Earth and You: Physics

[Aphex_Twin]

Would say, the Earth-Sun system be constantly losing energy due to the mutual gravity tug? Or would such an effect have to be greater than the "fine constant" (quantum discontinuity) in order to happend?

And Off Topic, something I've been wondering. Why is the Moon getting further away from the Earth? For all intents and purposes it should do the opposite.

 

[betazed]

Would say, the Earth-Sun system be constantly losing energy due to the mutual gravity tug? Or would such an effect have to be greater than the "fine constant" (quantum discontinuity) in order to happend?

And Off Topic, something I've been wondering. Why is the Moon getting further away from the Earth? For all intents and purposes it should do the opposite.

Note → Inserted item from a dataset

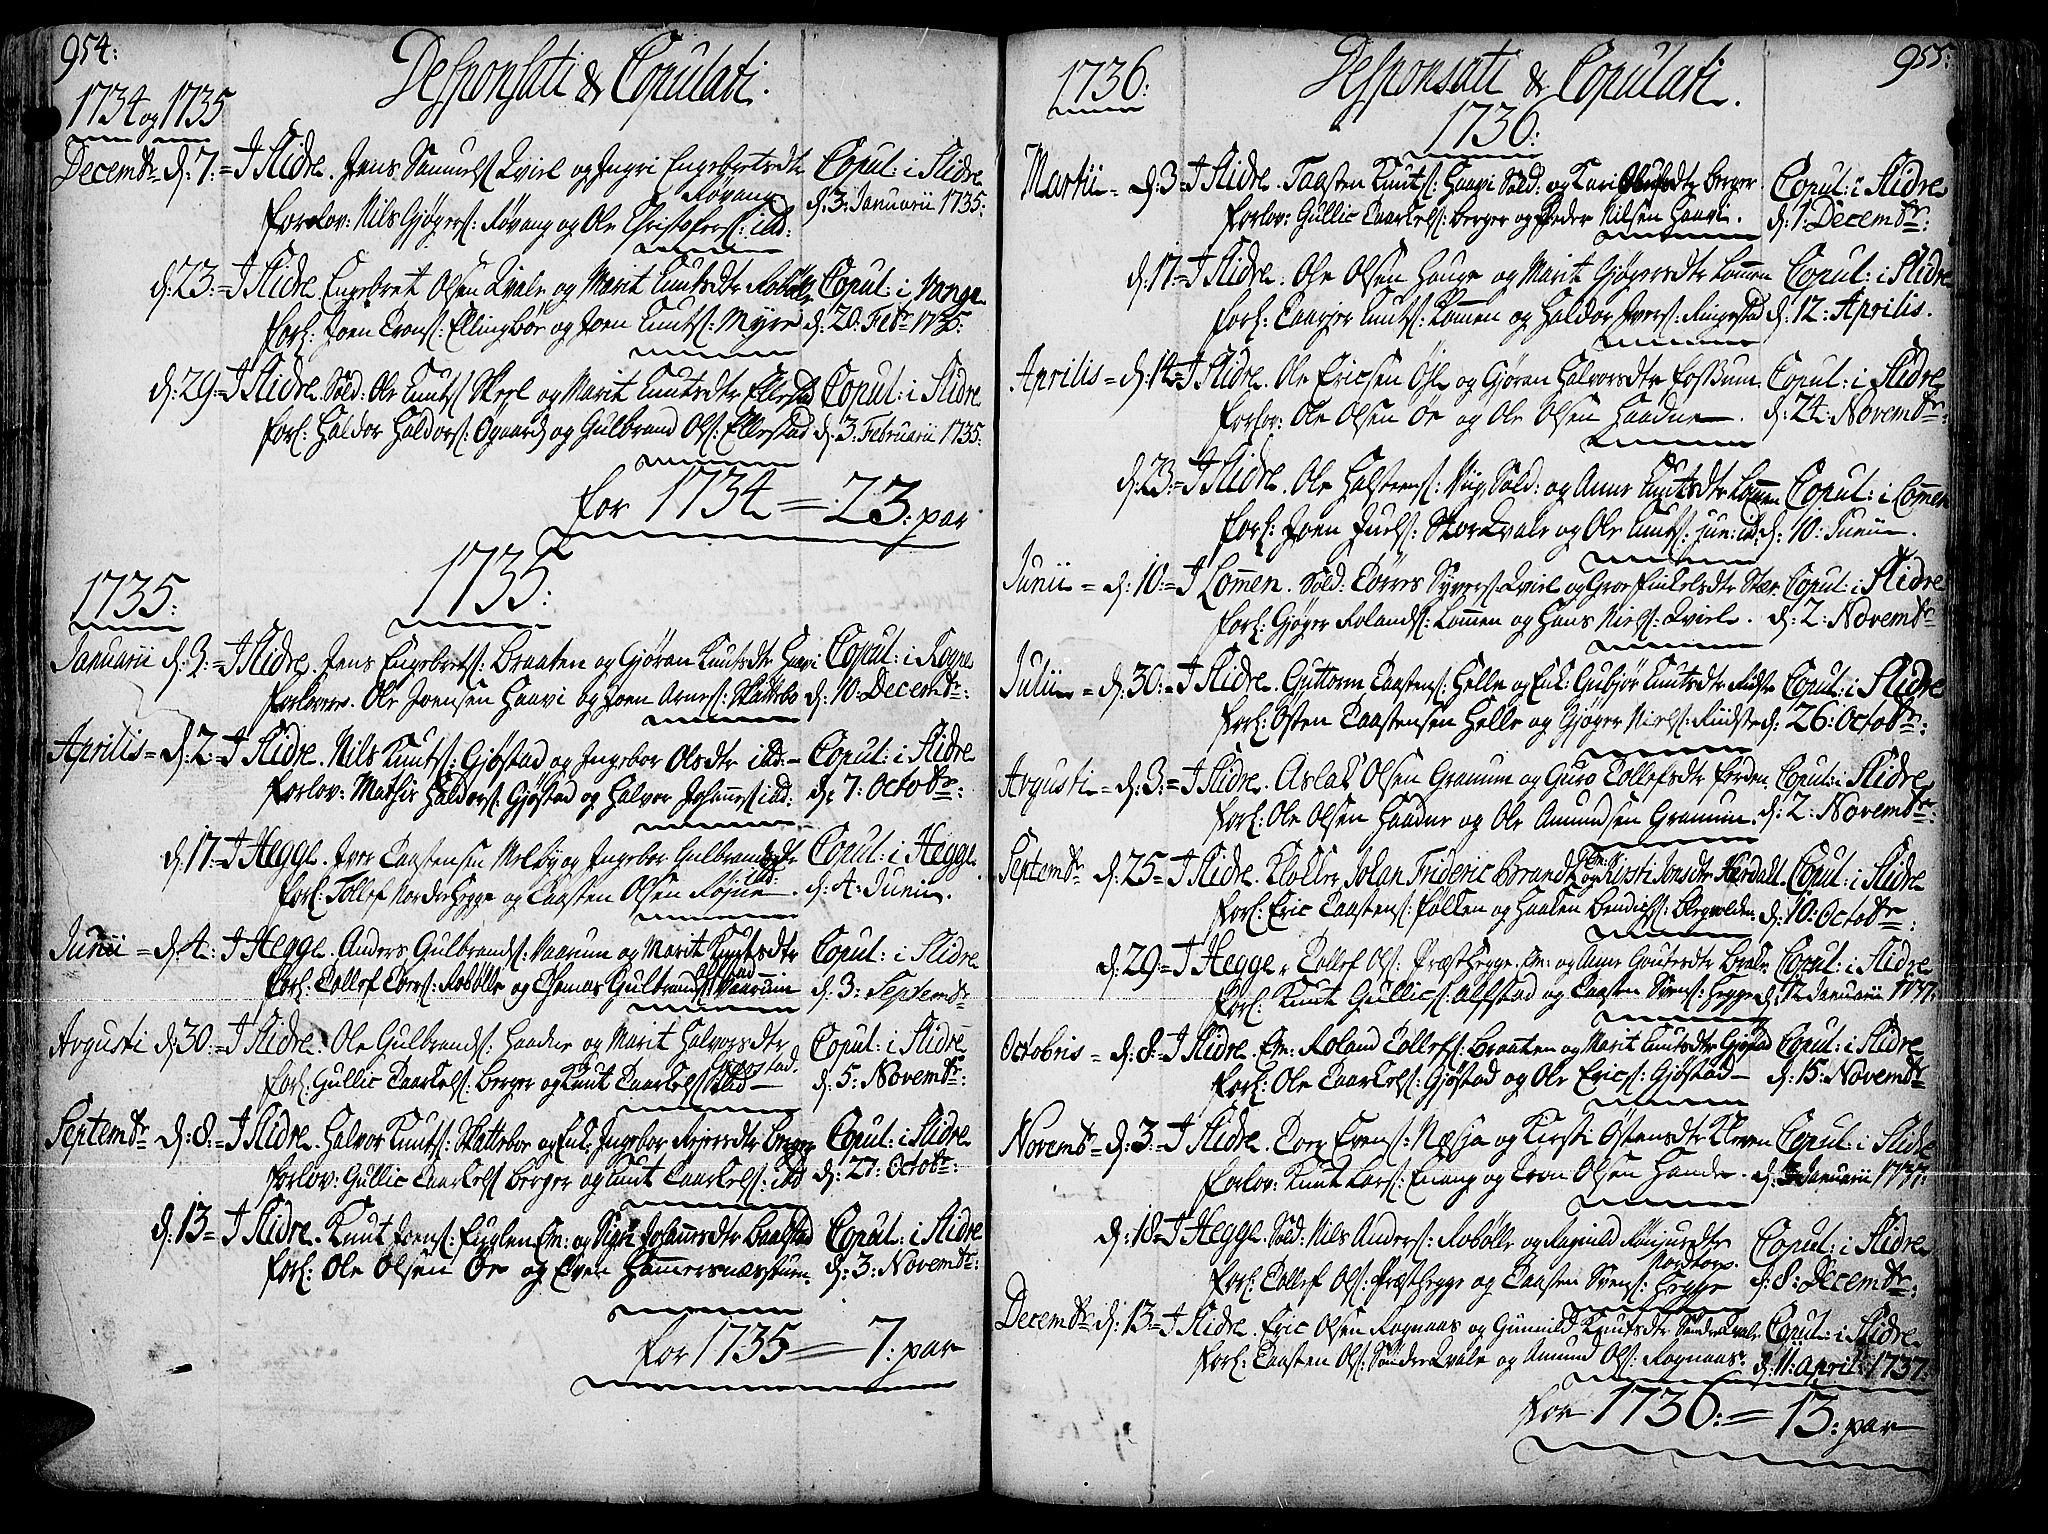 SAH, Slidre prestekontor, Ministerialbok nr. 1, 1724-1814, s. 954-955
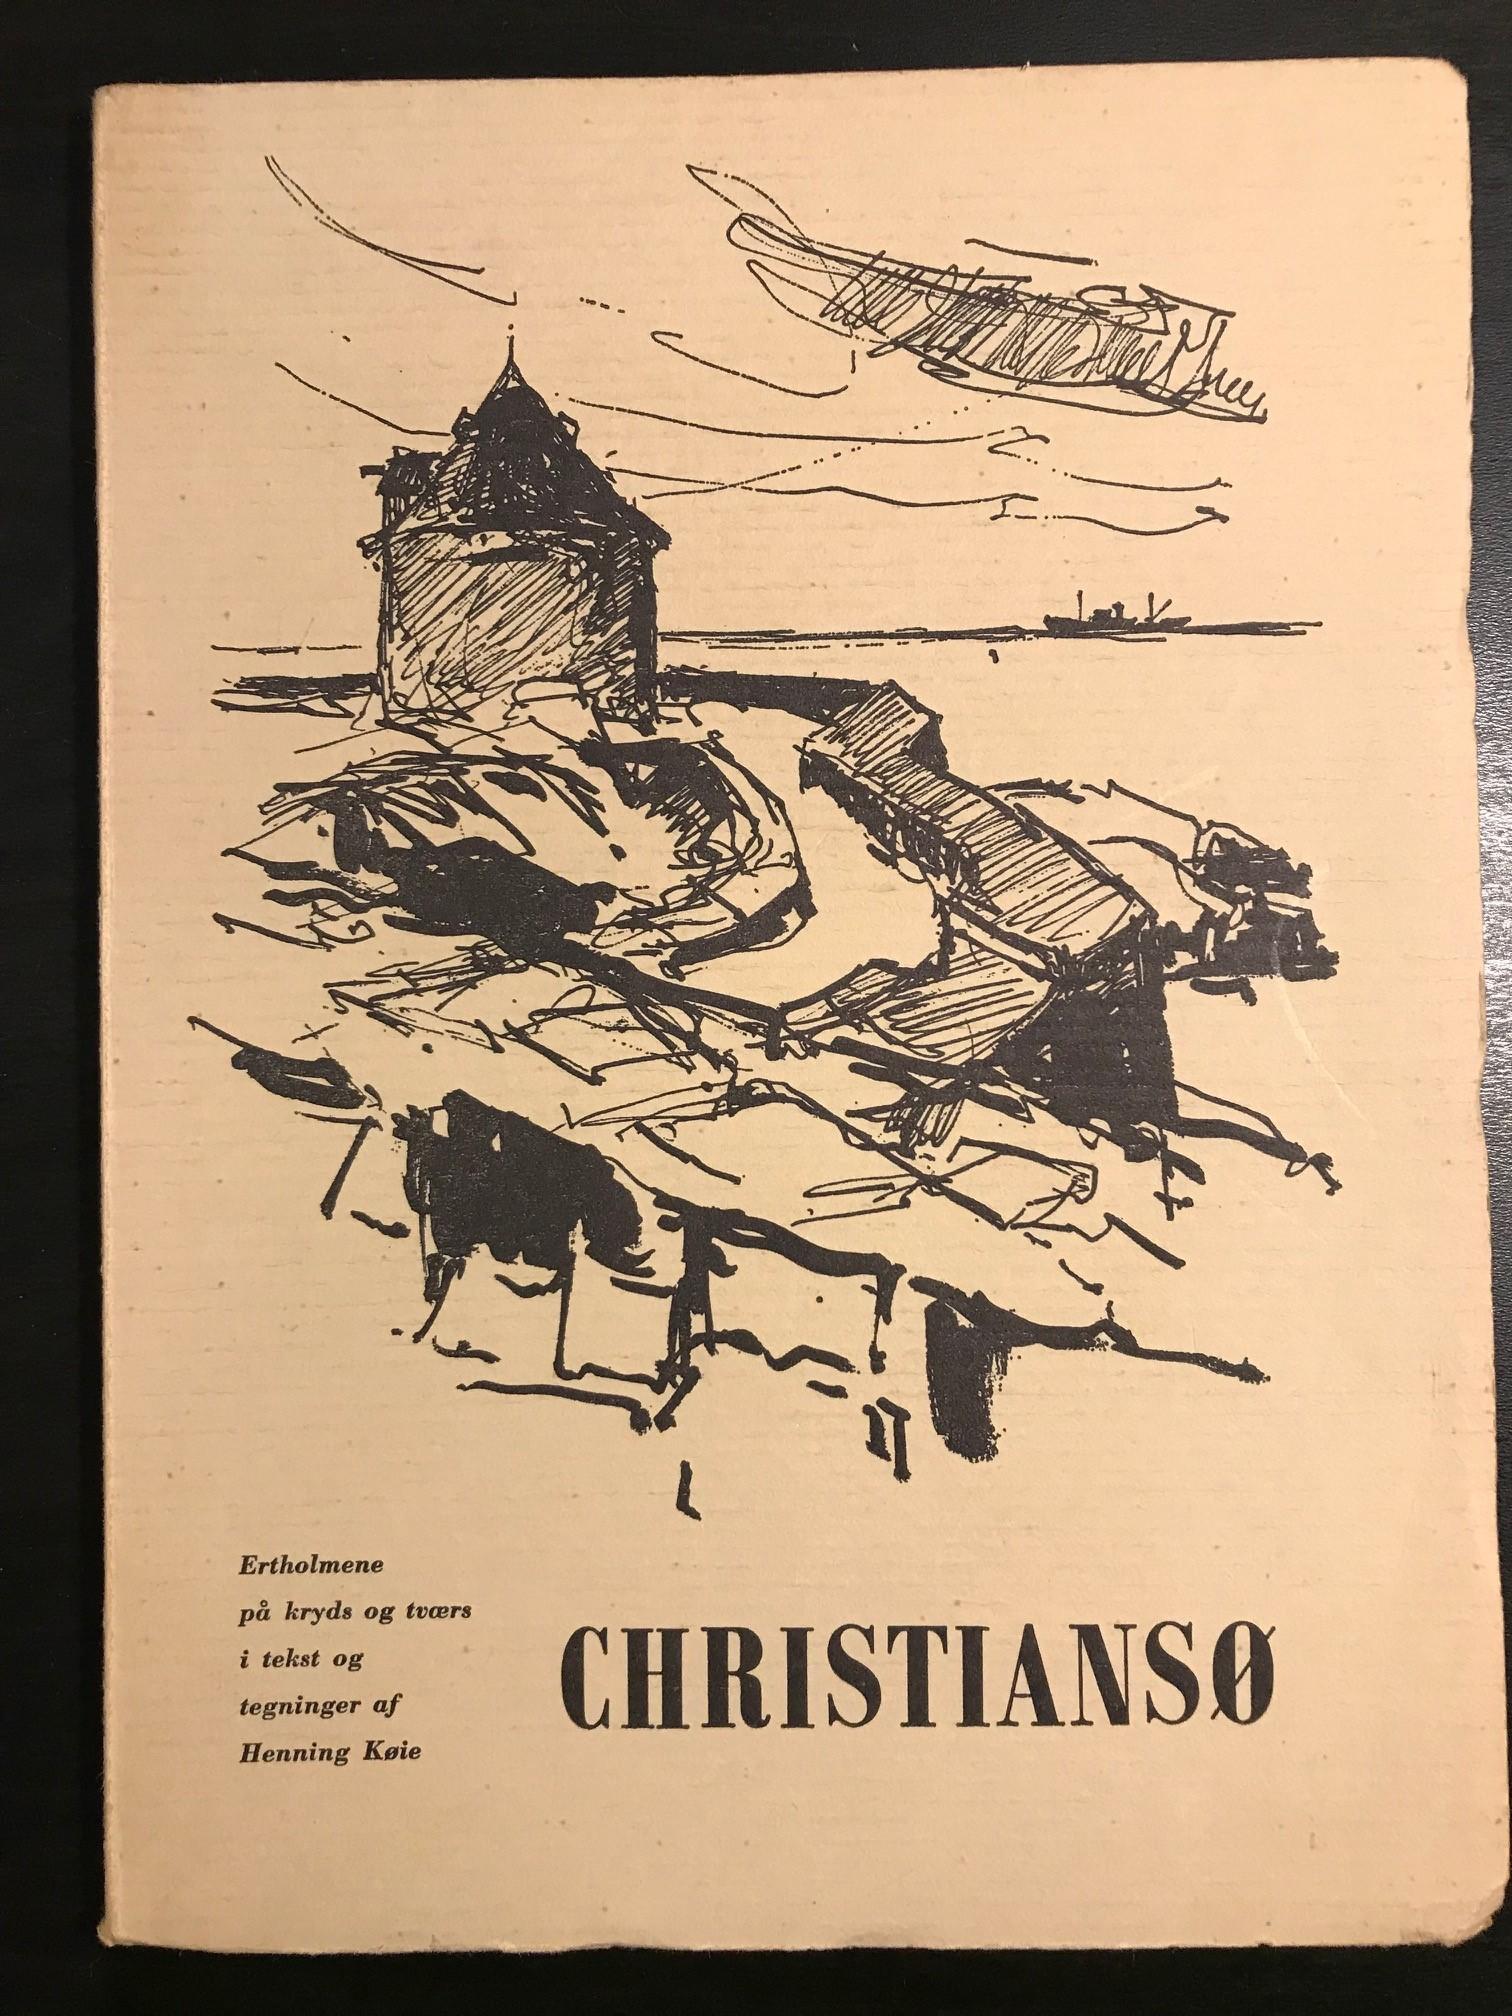 Christiansø Ertholmene på kryds og tværs i tekst og tegninger af Henning Køie

had the earth-sun system or the earth-moon system be a simple two body system then yes over time they would be constantly losing energy to todal forces and orbit each other more closely till they coalesce into one body.

However, our solar system is a chaotic system. So it is not so simple anymore. For example, the moon-earth system is being acted on by the sun and the other planets which affect the system in unpredictbale (in the long term) ways. That is the reason why the moon may be moving away from earth.

 

[Aphex_Twin]

Ok, so the solar system taken as a whole should be losing energy, even if some parts of it gain it. But how influent is the said discontinuity?

 

[smalltalk]

Chairmen Meow, microbe
v=sqrt(2GM/d)
...
actually it's a bit more complicated than that, but I'll stay out of calculus for this..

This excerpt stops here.